--- AIM OF THE TASK ---
Drop every picture, then print the rest of the listing exactly as given.

--- DATA BLOCK ---
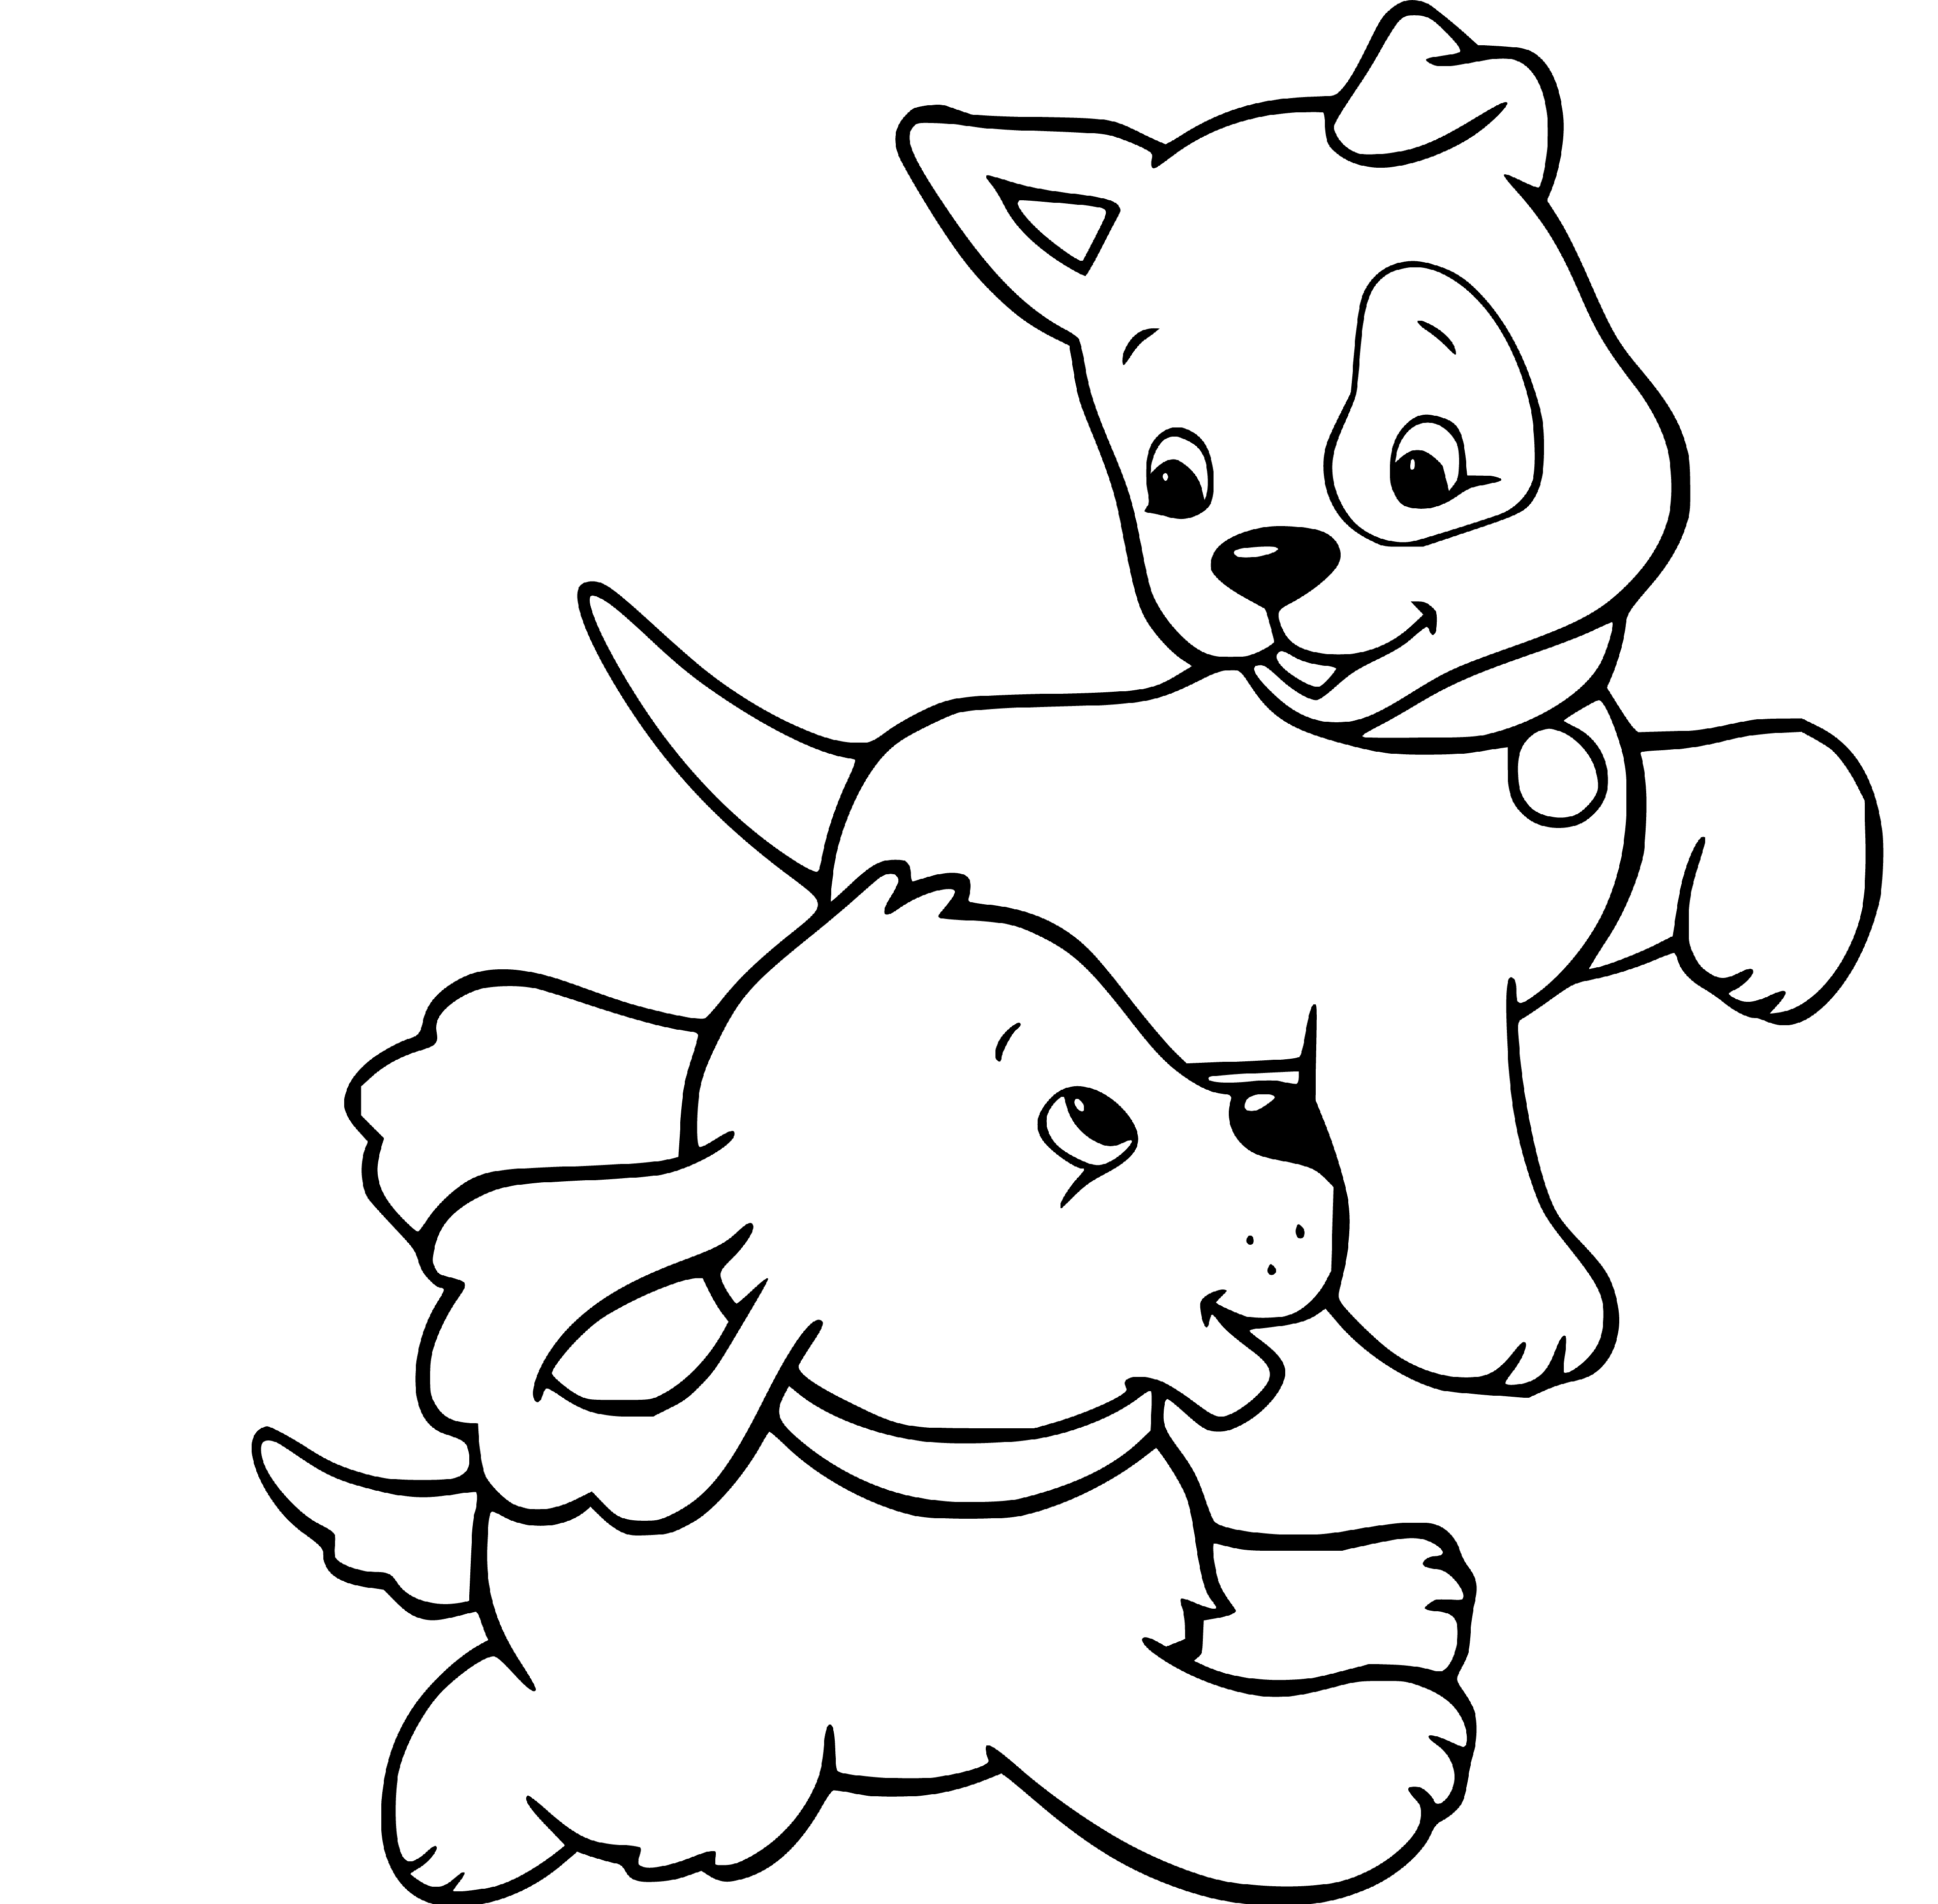 Simple Puppies Coloring Pages for Children - SheetalColor.com
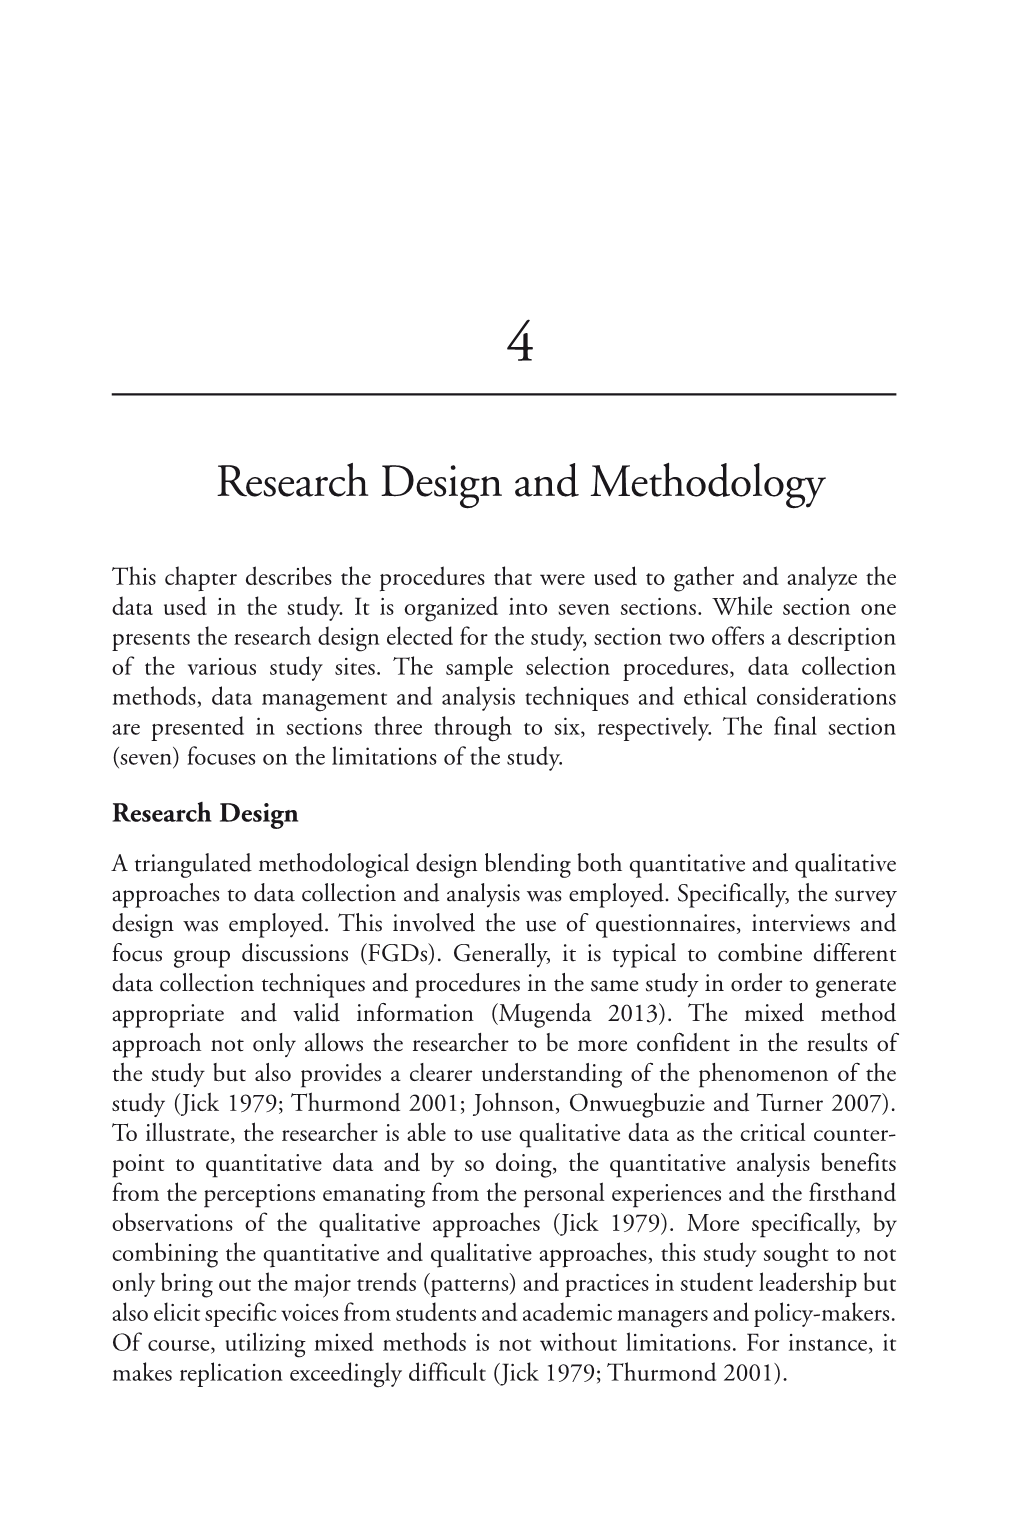 Research Design and Methodology
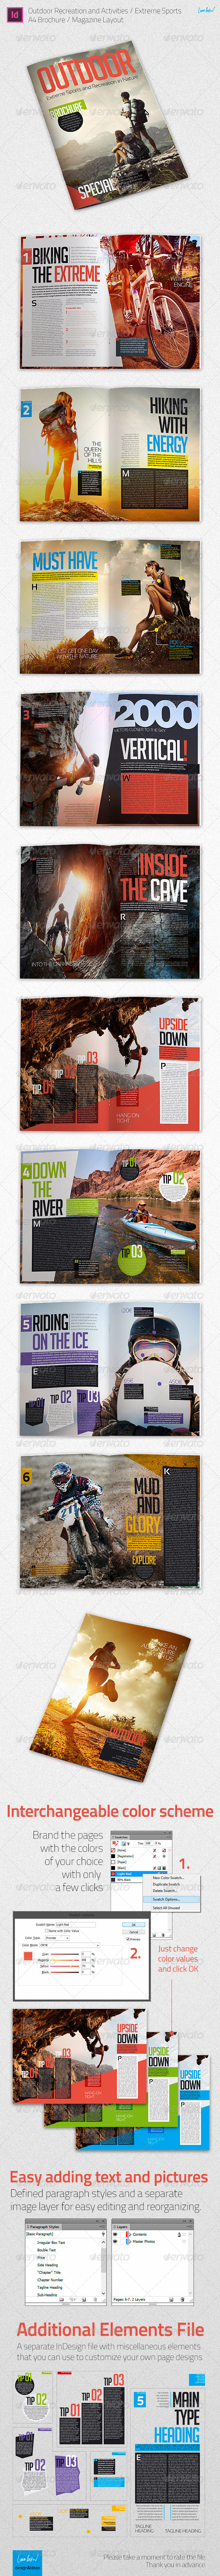 Outdoor Recreation / Extreme Sports - A4 Brochure

--- SOLVED PROBLEM ---
 Simple Puppies Coloring Pages for Children - SheetalColor.com
 Research Design and Methodology
 Outdoor Recreation / Extreme Sports - A4 Brochure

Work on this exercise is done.